▶ [WORK INSTRUCTIONS] For this exercise, retype each line of the material below verbatim and omit any picture.

▶ [INFORMATION SHOWN]
+--

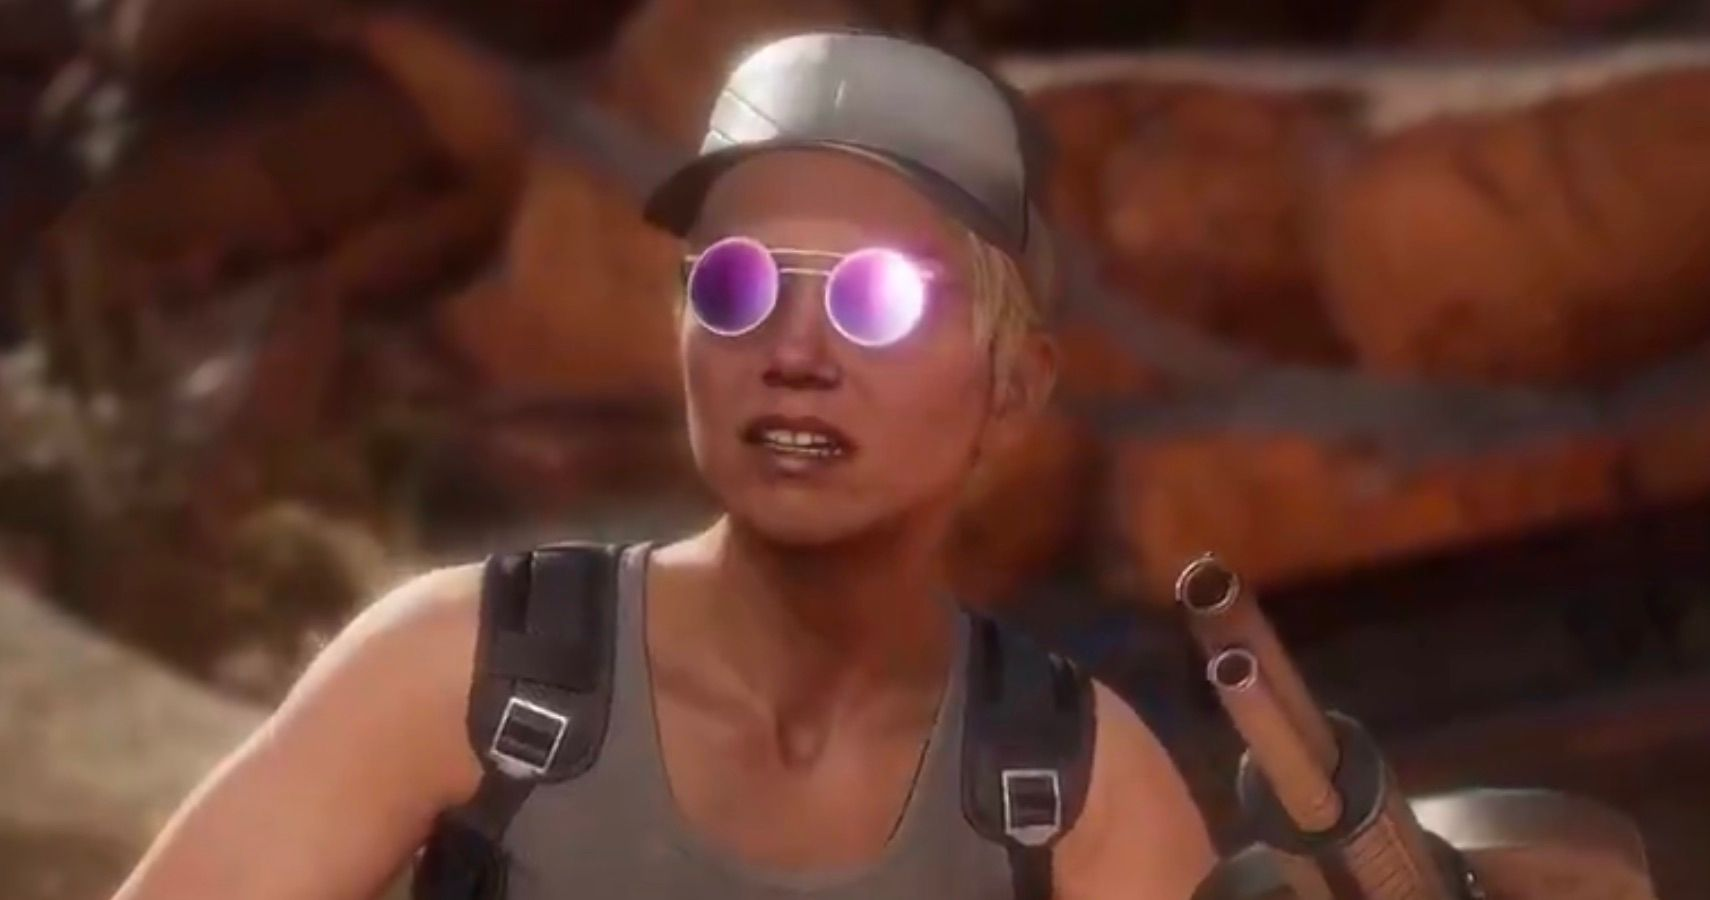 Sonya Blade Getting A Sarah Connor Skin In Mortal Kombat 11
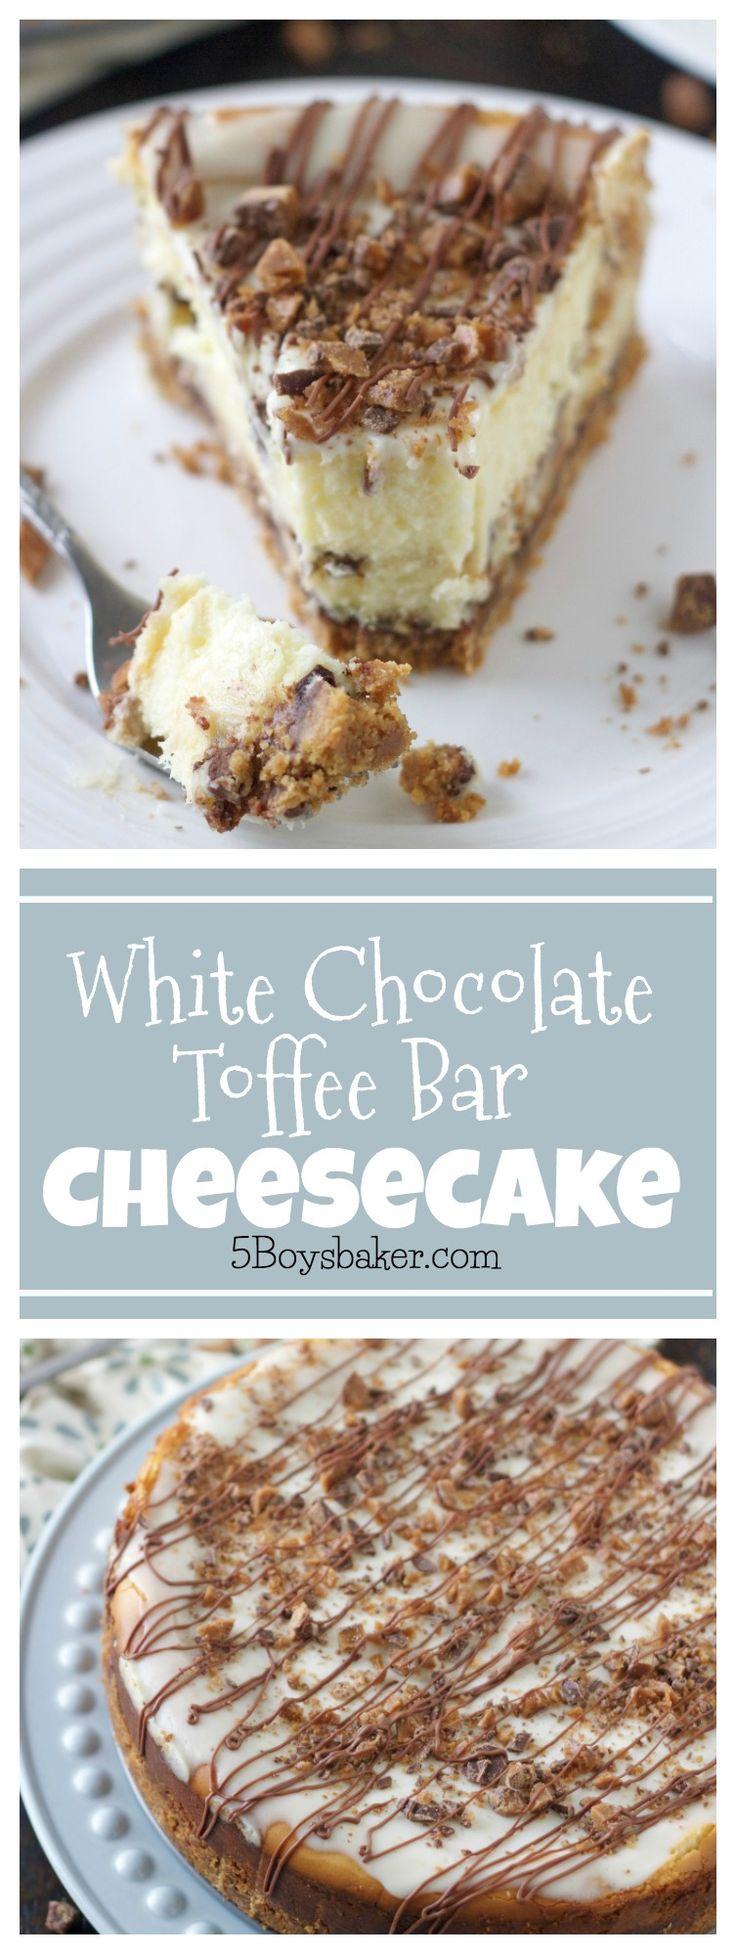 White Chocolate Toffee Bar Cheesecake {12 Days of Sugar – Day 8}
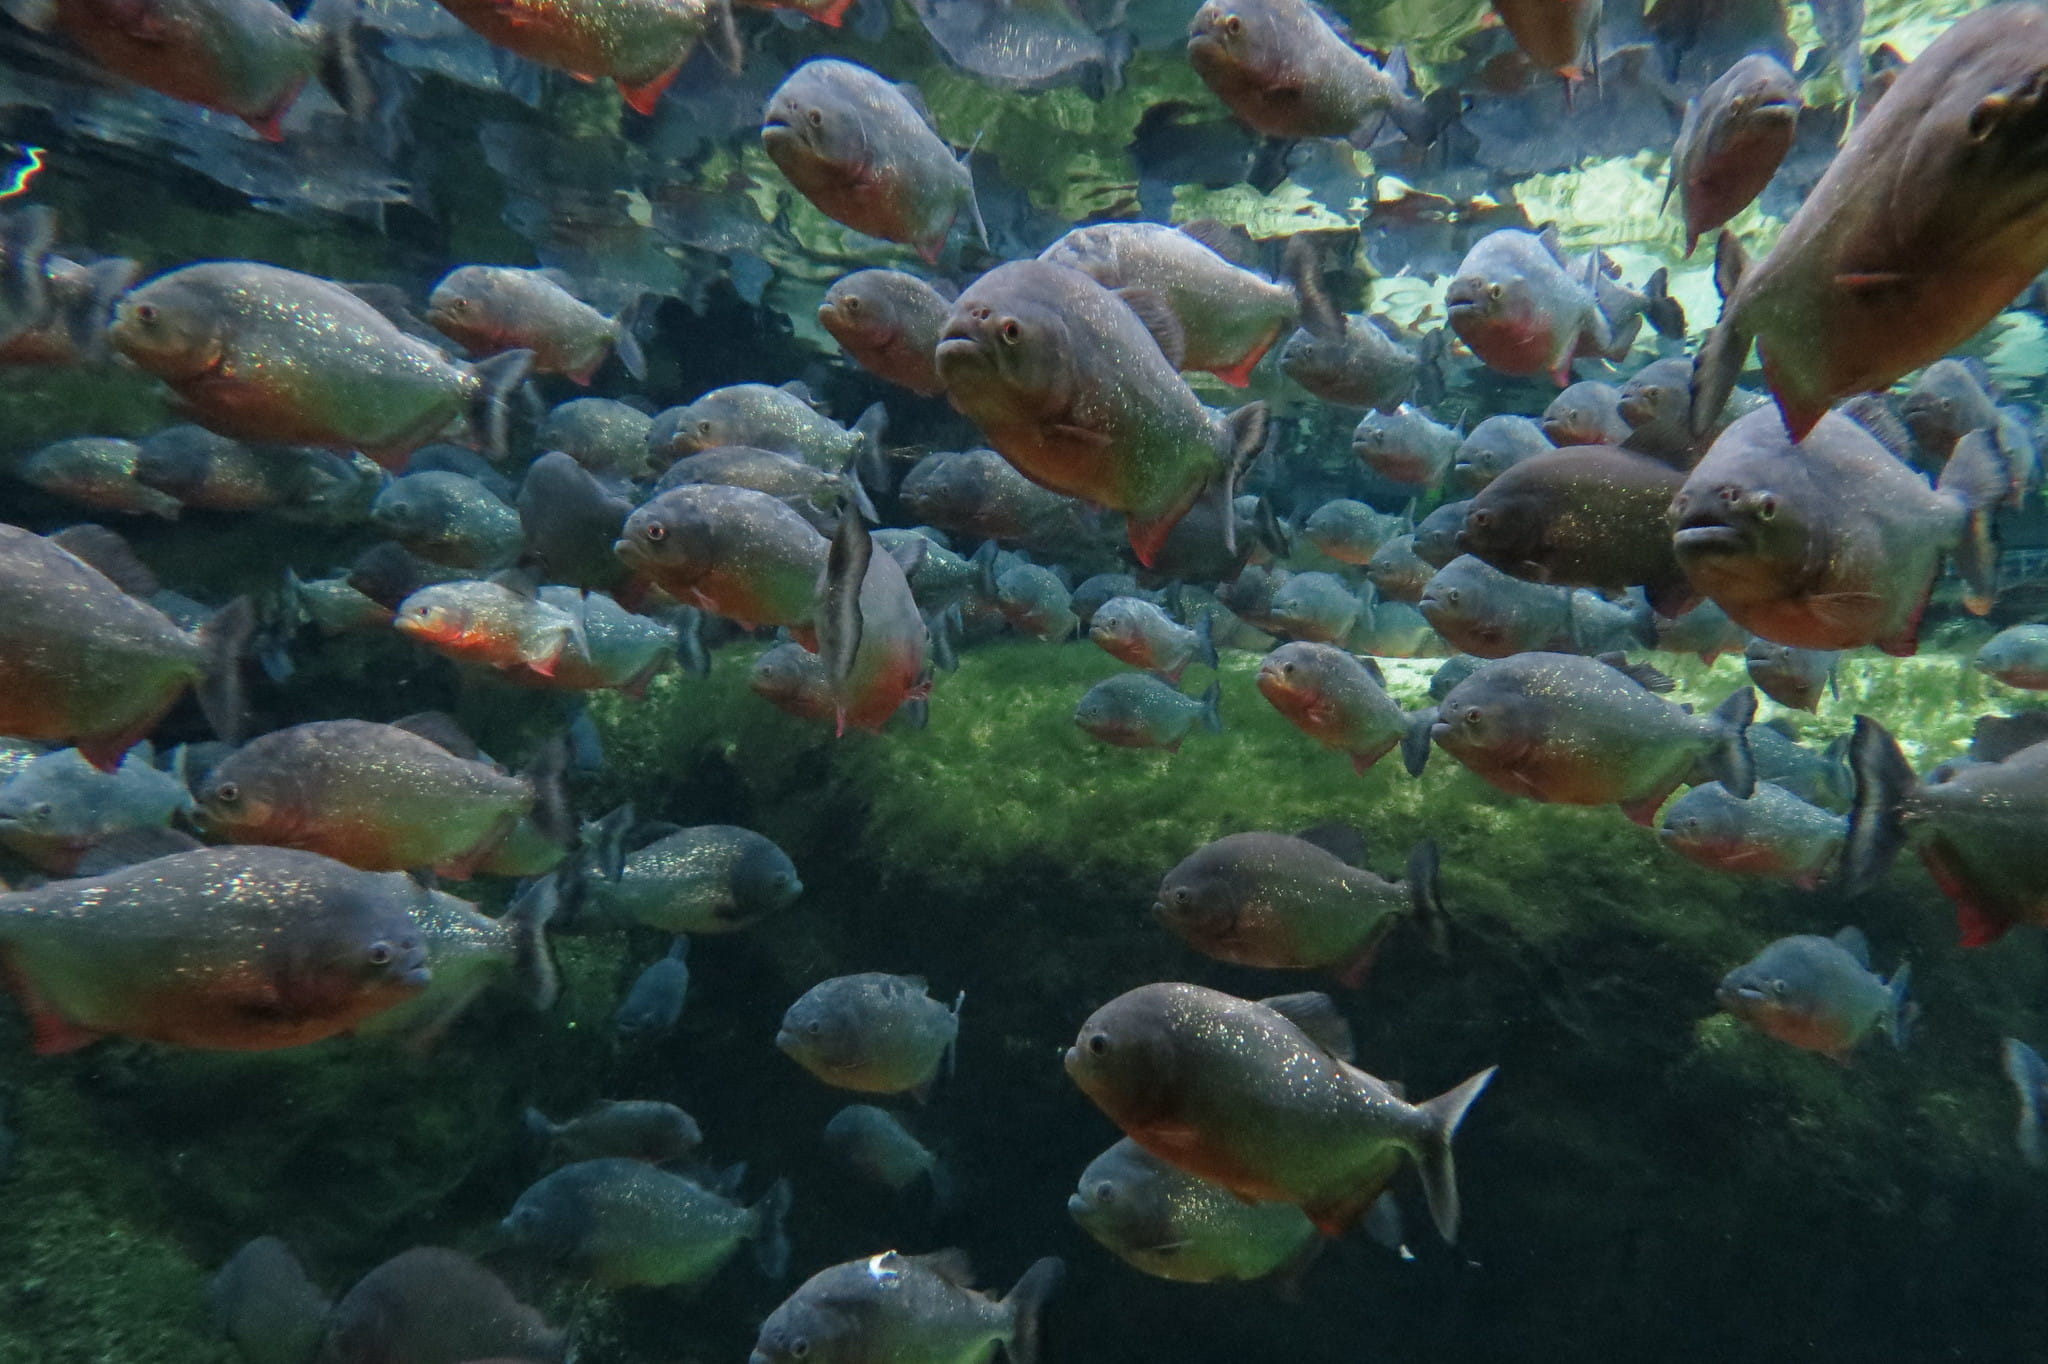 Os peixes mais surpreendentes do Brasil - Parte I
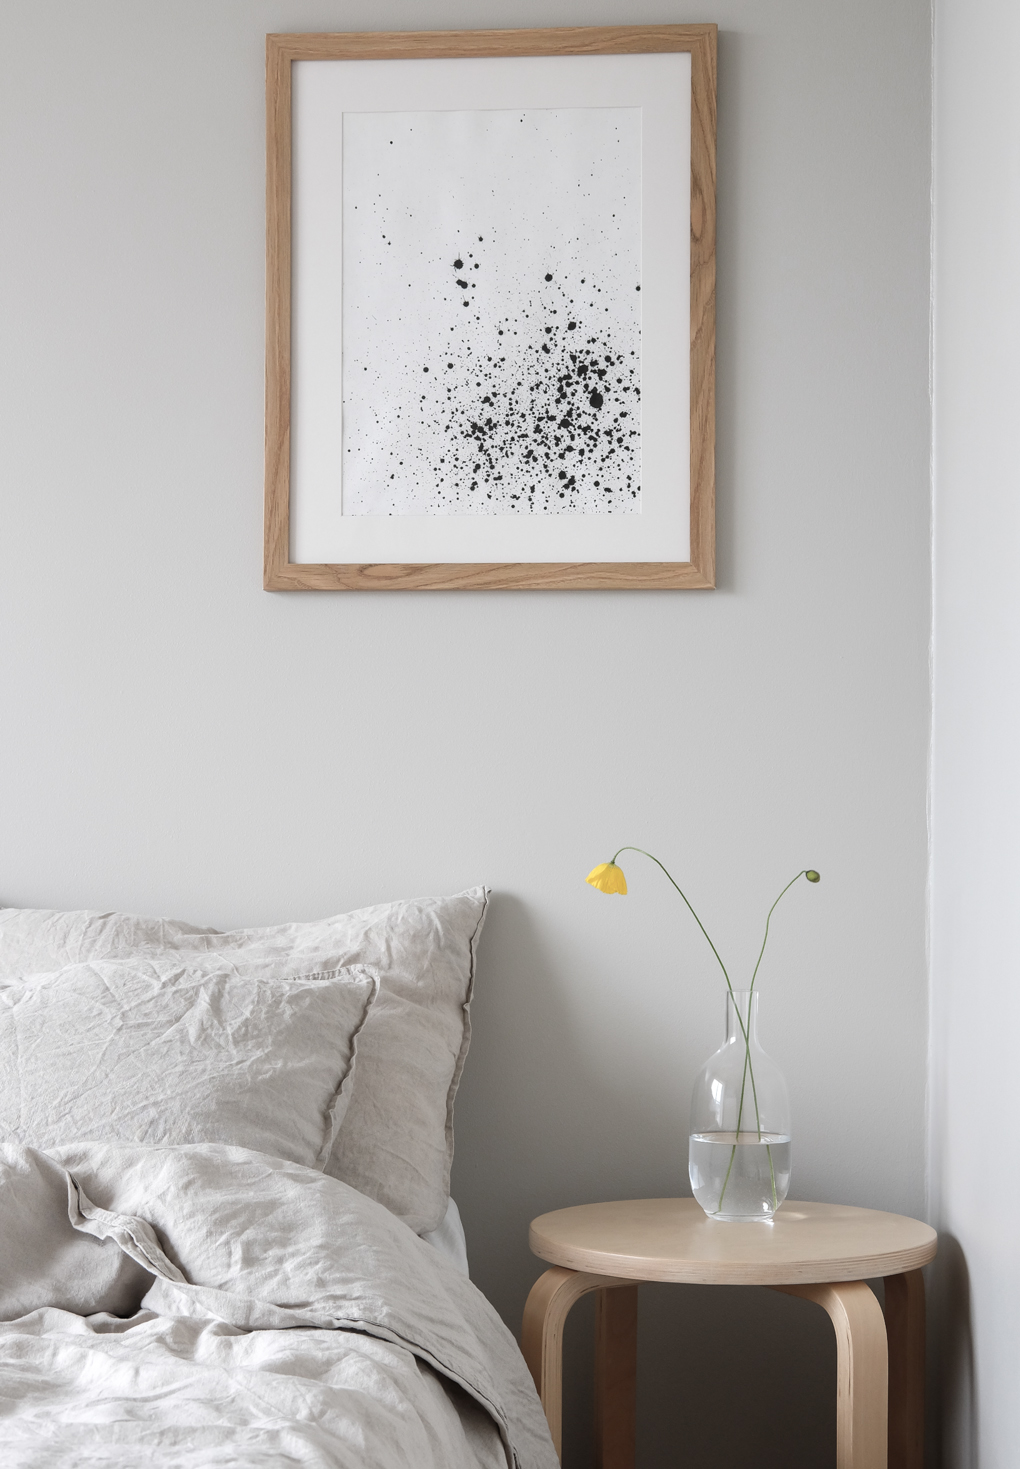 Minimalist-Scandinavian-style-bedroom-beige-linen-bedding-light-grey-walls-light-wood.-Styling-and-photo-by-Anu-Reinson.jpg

+--

▶ [REPLY TO THE EXERCISE]
 Sonya Blade Getting A Sarah Connor Skin In Mortal Kombat 11
 White Chocolate Toffee Bar Cheesecake {12 Days of Sugar – Day 8}
 Os peixes mais surpreendentes do Brasil - Parte I
 Minimalist-Scandinavian-style-bedroom-beige-linen-bedding-light-grey-walls-light-wood.-Styling-and-photo-by-Anu-Reinson.jpg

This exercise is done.